I'll post a threaded version anon. It seeks over the file creating pairs of (start,offset) that let multiple threads read chunks of a file (seek/chunk is Bryan O'Sullivan's idea, check out his Haskell version). It seems to better for larger files than the serial version. But ultimately you have to go to multiple processes and then to multiple disks (and not just because of the GIL).

The full code, including a timer taken from the cookbook:
import sys
import re
import operator
import os
import datetime, time

class TimeProfiler:
    """ A utility class for profiling execution time for code """    
    def __init__(self):
        # Dictionary with times in seconds
        self.timedict = {}

    def mark(self, slot=''):
        """ Mark the current time into the slot 'slot' """
        # Note: 'slot' has to be string type
        # we are not checking it here.
        self.timedict[slot] = time.time()

    def unmark(self, slot=''):
        """ Unmark the slot 'slot' """
        # Note: 'slot' has to be string type
        # we are not checking it here.
        if self.timedict.has_key(slot):
            del self.timedict[slot]

    def lastdiff(self):
        """ Get time difference between now and the latest marked slot """
        # To get the latest slot, just get the max of values
        return time.time() - max(self.timedict.values())
    
    def elapsed(self, slot=''):
        """ Get the time difference between now and a previous
        time slot named 'slot' """
        # Note: 'slot' has to be marked previously
        return time.time() - self.timedict.get(slot)

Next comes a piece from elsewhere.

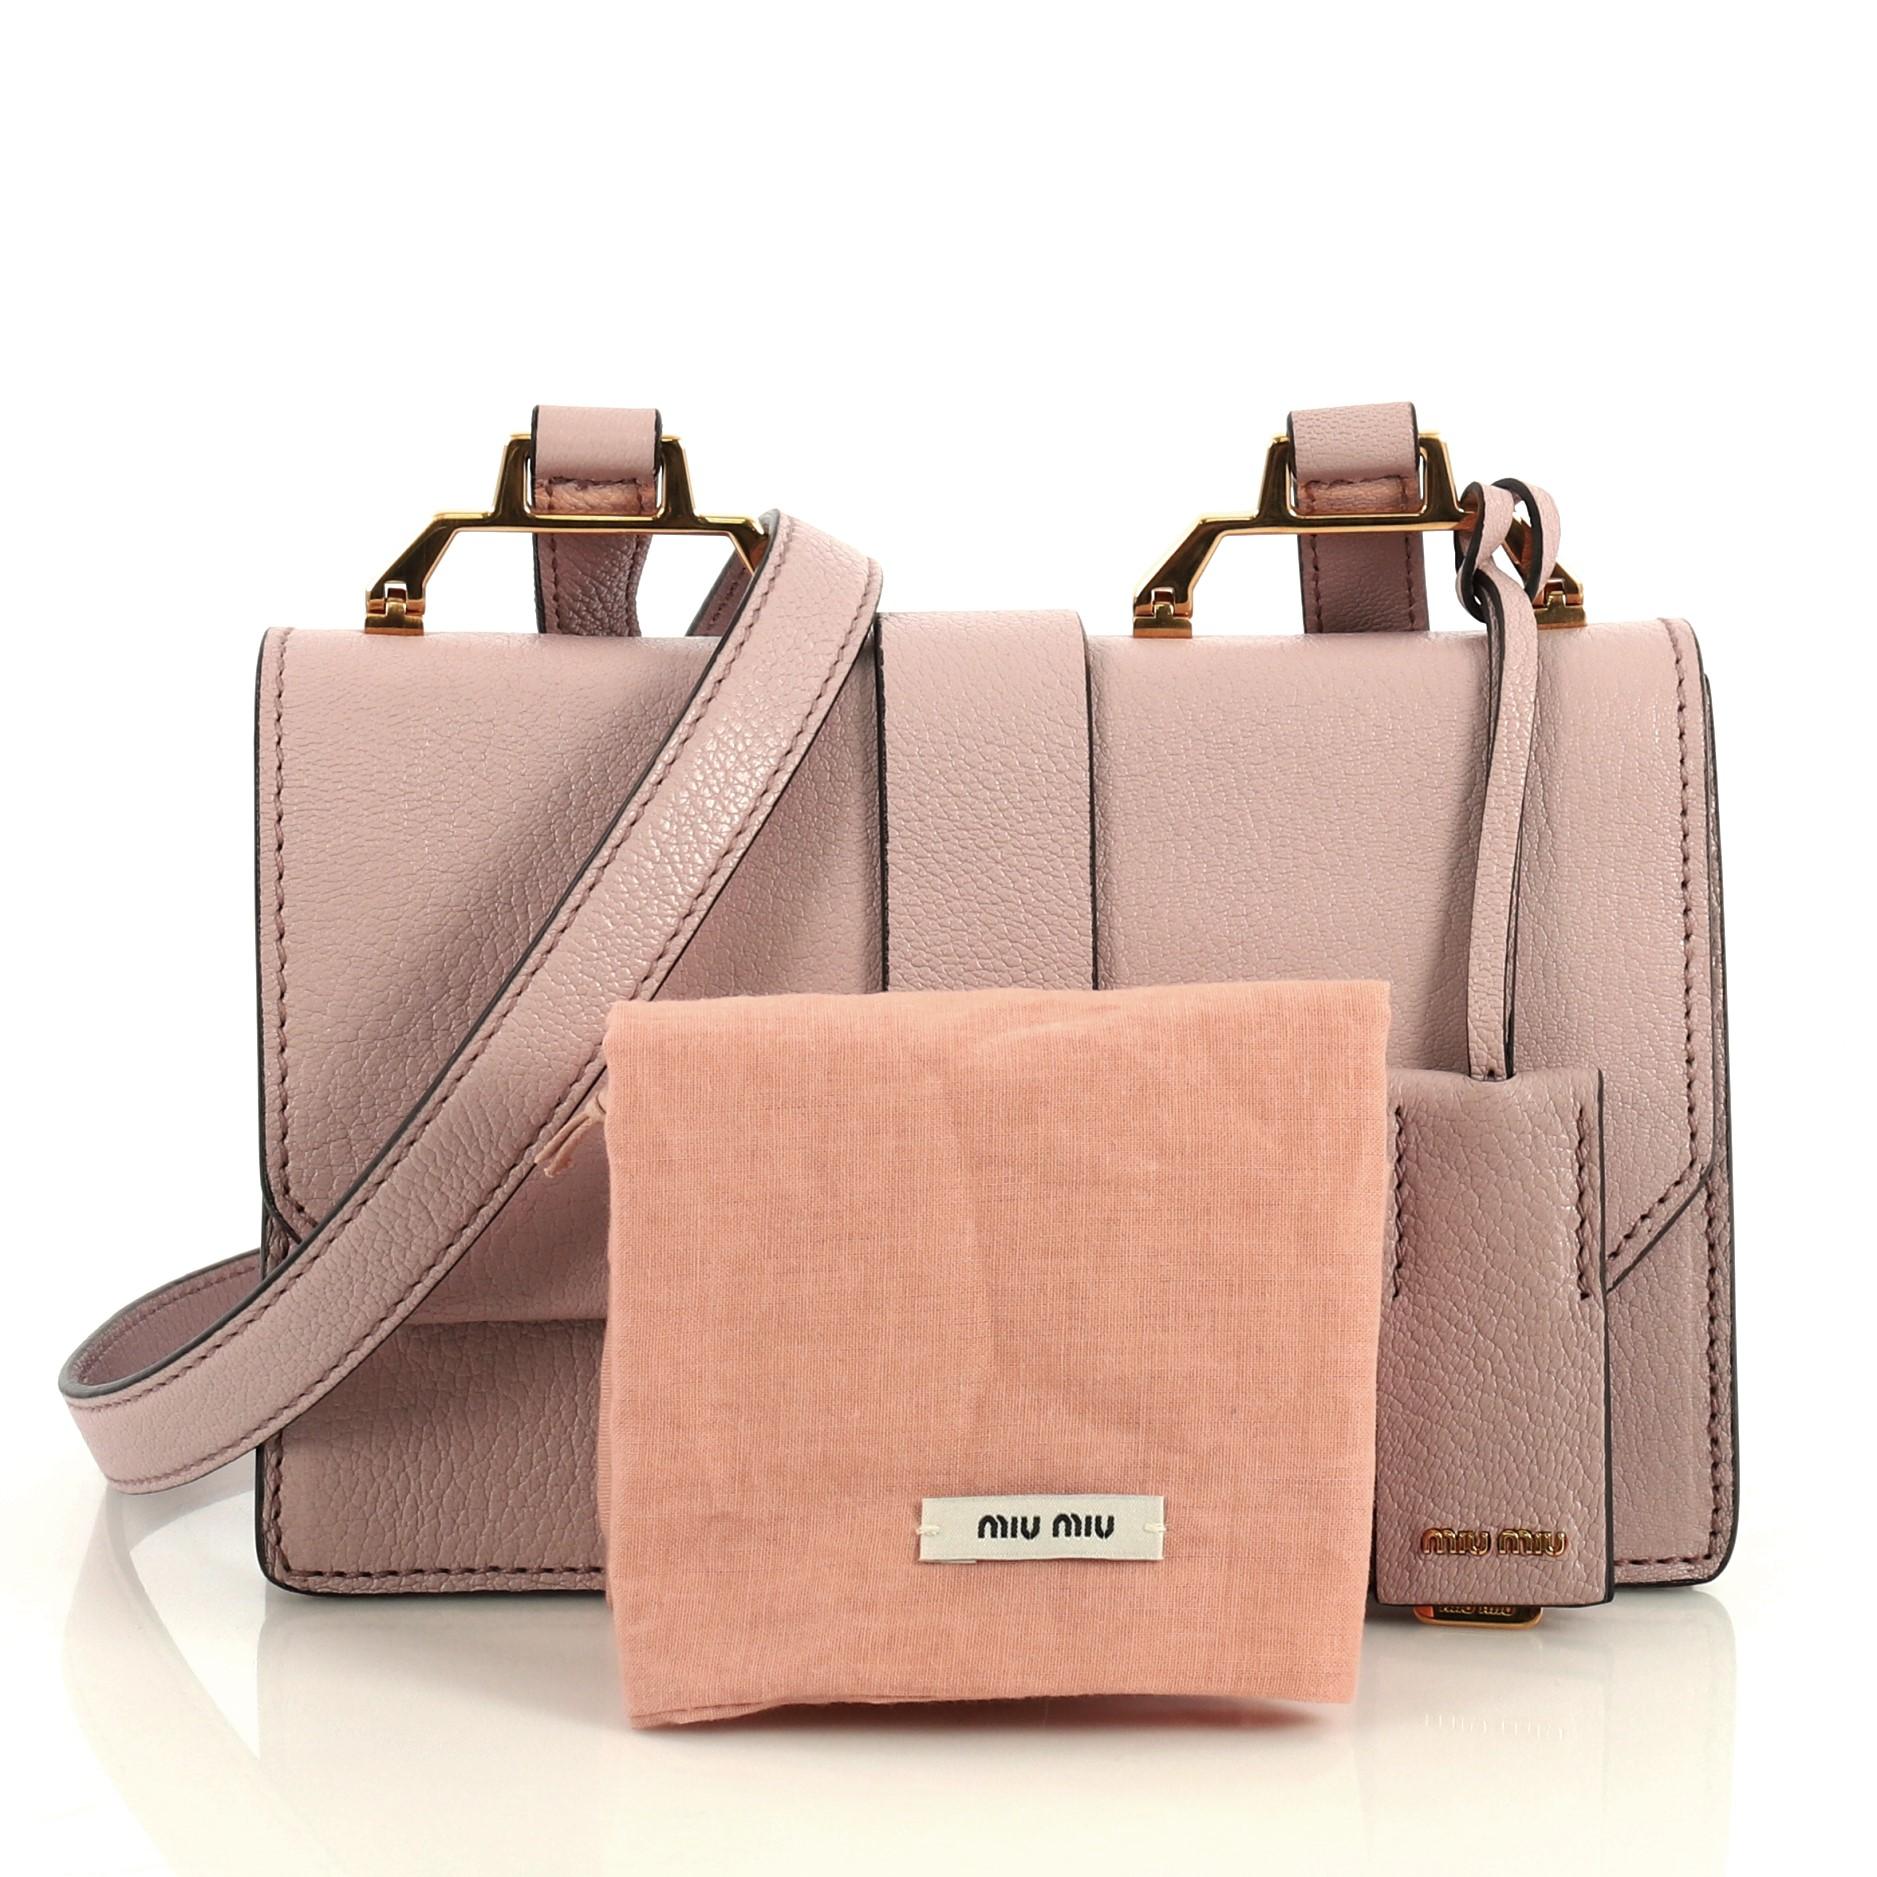 This Miu Miu Bicolor Madras Shoulder Bag Leather Small, crafted from pink leather, features an adjustable shoulder strap, exterior zip pocket and gold-tone hardware. Its push-lock closure opens to a pink suede interior with two open compartments and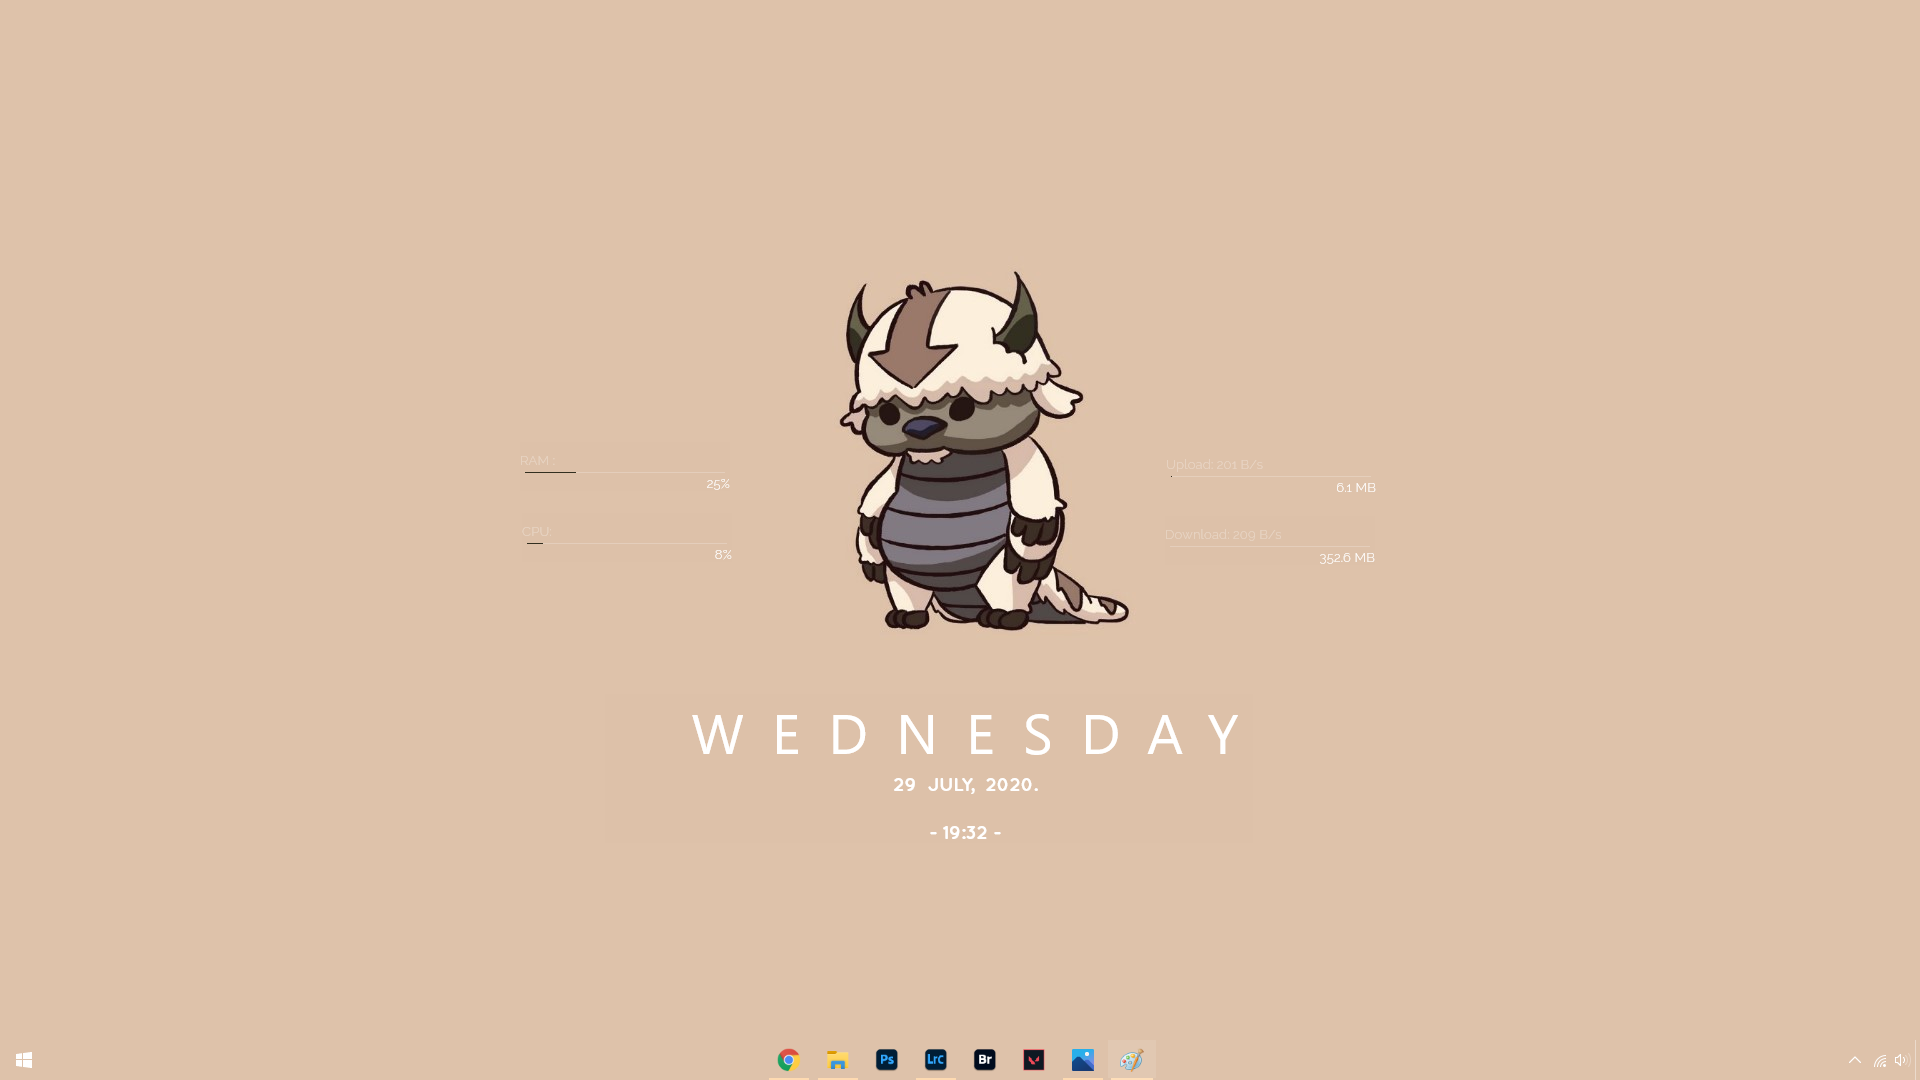 Appa Wallpapers

    def diff(self, slot1, slot2):
        """ Get the time difference between two marked time
        slots 'slot1' and 'slot2' """
        return self.timedict.get(slot2) - self.timedict.get(slot1)

    def maxdiff(self):
        """ Return maximum time difference marked """
        # Difference of max time with min time
        times = self.timedict.values()
        return max(times) - min(times)
    
    def timegap(self):
        """ Return the full time-gap since we started marking """
        # Return now minus min
        times = self.timedict.values()
        return time.time() - min(times)

    def cleanup(self):
        """ Cleanup the dictionary of all marks """
        self.timedict.clear

  
if __name__ == "__main__":
    from timeit import Timer
    filename=sys.argv[1]    
    profiler = TimeProfiler()
    profiler.mark()
    
    r=re.compile(r".*GET /ongoing/When/200x/\d{4}/\d{2}/\d{2}/([^ ]+) ")
    matches  = filter(lambda x:x != None, [r.match(line) for line in file(filename)])          
    pages={}
    
    for m in matches:
	    pages[m.group(1)]=pages.setdefault(m.group(1),0)+1

    for item in sorted(pages.items(), key=operator.itemgetter(1), reverse=True)[:10]:
        print item
        
    print "serial", str(profiler.timegap())    

October 1, 2007 10:49 PM